Deux jeunes Malgaches, Naivo et Rivo, s’engagent dans un long voyage initiatique vers la mer où Rivo, séropositif, a décidé de mourir. C’est la trame de « Lalana », le prétexte de Michèle Rakotoson pour évoquer son île natale, Madagascar, où la pauvreté mène la jeunesse à une quête effrénée de l’ailleurs et où les gens se raccrochent à la religion, comme à une bouée de secours.
Rivo est séroposif et il a décidé de mourir à la mer loin d’Antanarivo, cercueil de ses espoirs et de ses illusions, comme pour son ami Naivo qui va l’aider à réaliser son dernier voeu. Commence alors pour les deux amis une sorte de périple initiatique. Un voyage à travers la culture malgache, ses mythes et ses croyances funéraires. C’est aussi un périple social au coeur de la misère d’un peuple mais surtout d’une jeunesse pour laquelle l’avenir est sans espoir. C’est également un prétexte pour évoquer les abus des dirigeants africains au détriment du peuple. Un peuple qui se raccroche à la religion et aux sectes comme à des bouées de sauvetage.
Foutus et foutus
Empruntant la Route de la Reine, celle qui conduit d’Antananarivo à la mer au travers d’une belle campagne, les deux jeunes ont tout le loisir de ressasser leurs illusions perdues et leurs espoirs. Une quête de lendemains meilleurs qui a conduit Rivo, » Belle gueule « , dans celle, béante, de la prostitution et du sida. Une maladie qui peut s’attraper pour un million de francs malgaches (150 euros) : » l’homme devenu objet pour cause de trop grande misère « . Une misère qui nie aux citoyens du Sud le droit à la santé parce que les médicaments, ceux du sida notamment, sont trop chers. En effet, « on meurt la gueule ouverte et sans crier dans les pays pauvres « , écrit l’auteur.
Et puis il y a cette jeunesse malgache, à la recherche d’un avenir plus radieux, qui a abandonné la campagne à des vieillards d’à peine soixante ans. Accablée par la misère, entassée dans des cités universitaires insalubres, empilée dans des amphithéâtres dans une chaleur étouffante. A la clé : un avenir incertain voire inexistant où le chômage et la récession économique sont des valeurs sûres. » On les voit foutus, on les dit foutus et ils se sentent foutus. Jeunes gens pauvres du Tiers-monde ? Ou pauvres jeunes gens du Tiers-Monde « … une phrase qui traduit bien le malaise de Naivo, révolté mais impuissant. Impuissant aussi face à la maladie de son ami, Rivo. Rivo, affaibli par la maladie et parfois inconscient mais si plein de lucidité.
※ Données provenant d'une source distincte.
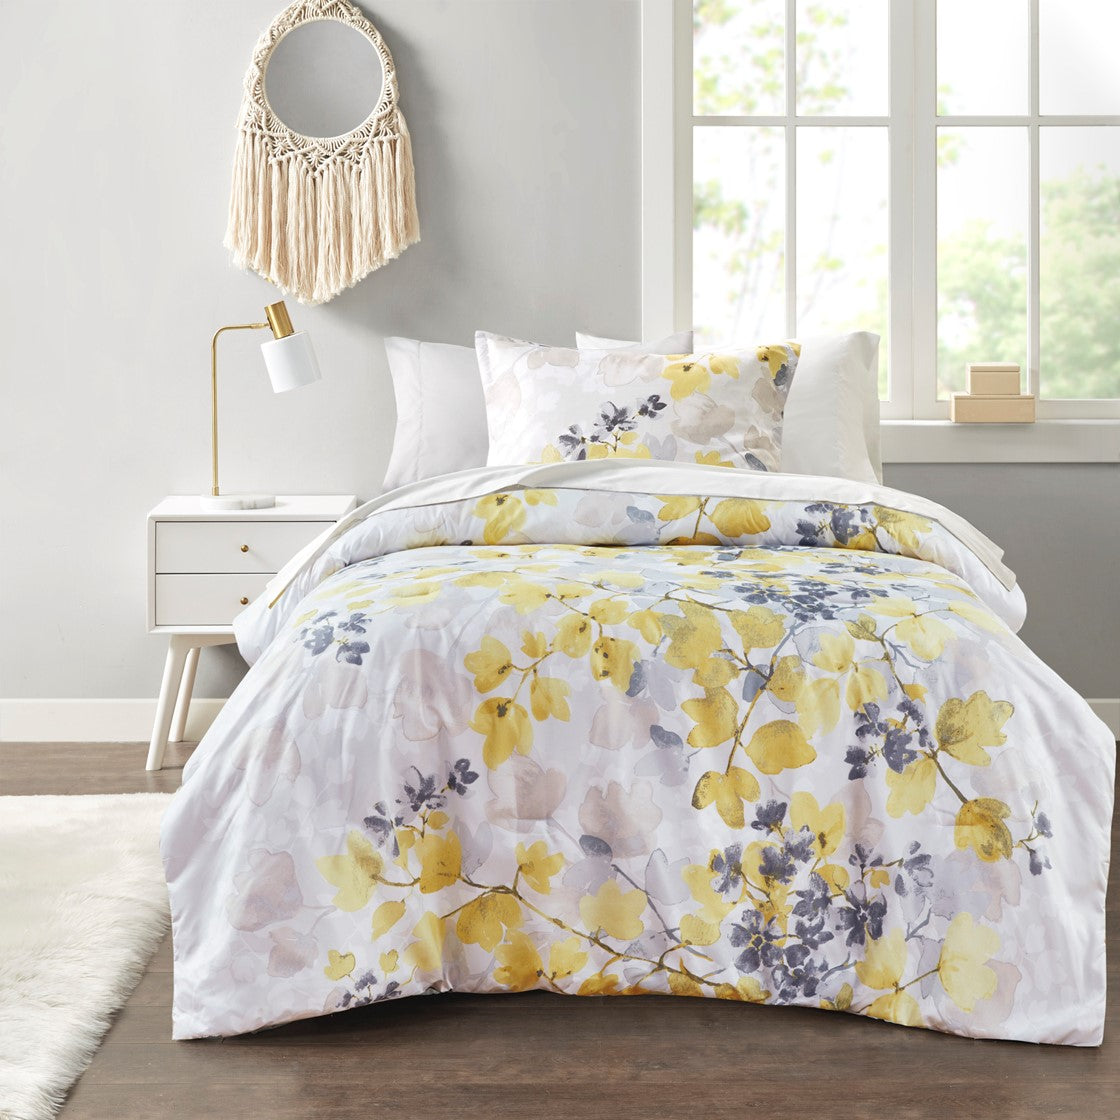 Floral Bedding Set Sale - Shop Online & Save On Top Rated Bedding Set Brands at ExpressHomeDirect.com
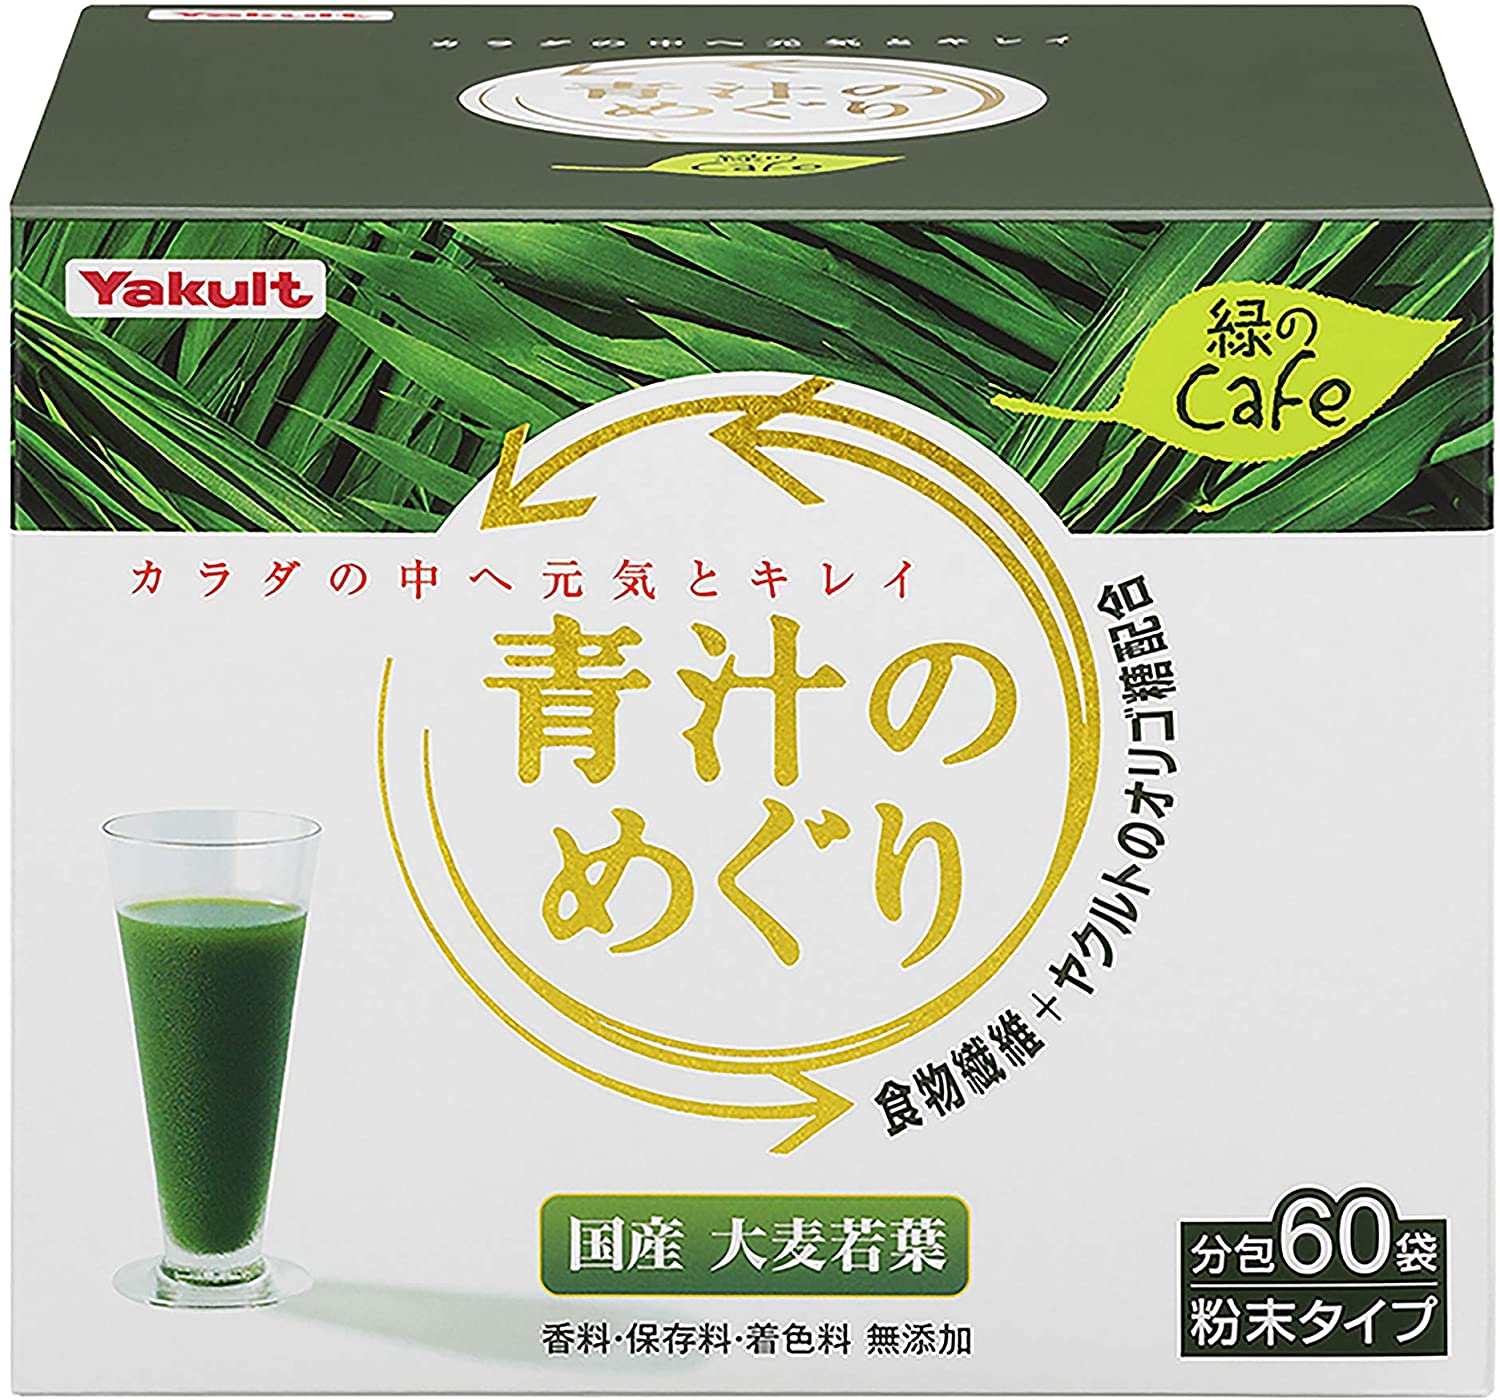 [Amazon限定ブランド]青汁のめぐり 緑のCａｆｅ(ミドリノカフェ) 450g (7.5g×60袋)10個

Cette lente rencontre vers la Grande Faucheuse est un retour sur lui-même, un voyage » vers la lumière, dans la lumière « . Un retour vers Dieu.
Quand il n’y a que l’amitié
C’est aussi le temps de la reconnaissance d’une amitié bien éprouvante pour Naivo qui, à 30 ans, se sent inutile. Naivo, l’ami fidèle bien qu’effrayé voire dépassé par l’état de son ami l’assistera jusqu’a la fin. Des personnages profonds et attachants qui restent dignes dans la détresse. Bien que terrible, Michèle Rakotoson donne de par sa plume tant de vérité et de sincérité à ces personnages que l’aventure humaine vaut le détour. Au-delà des personnages, l’analyse reste très critique notamment quant à la religion. Critique mais respectueuse. » La population […] prie pour étouffer les envies de meurtre. »
Et puis ce constat dans la bouche de Naivo sur le poids des croyances en Afrique : » On en sortait plus de ces vieilles croyances, de ces légendes, c’est pour cela que les Malgaches ne pourraient jamais être de bons économistes […] chaque fois qu’il fallait avancer, prendre une décision, il y avait des interdits, des croyances, des mythes […] « . Au total, Lalana est une belle réflexion sur le sous-développement, la misère, le sida, les sectes et le pouvoir des croyances sur le continent noir. Une chose est certaine, après Lalana, le souvenir de ce Madasgar déchiré ne vous quittera plus.
Lalana de Michèle Rakotoson, éditions de L’Aube, 2002.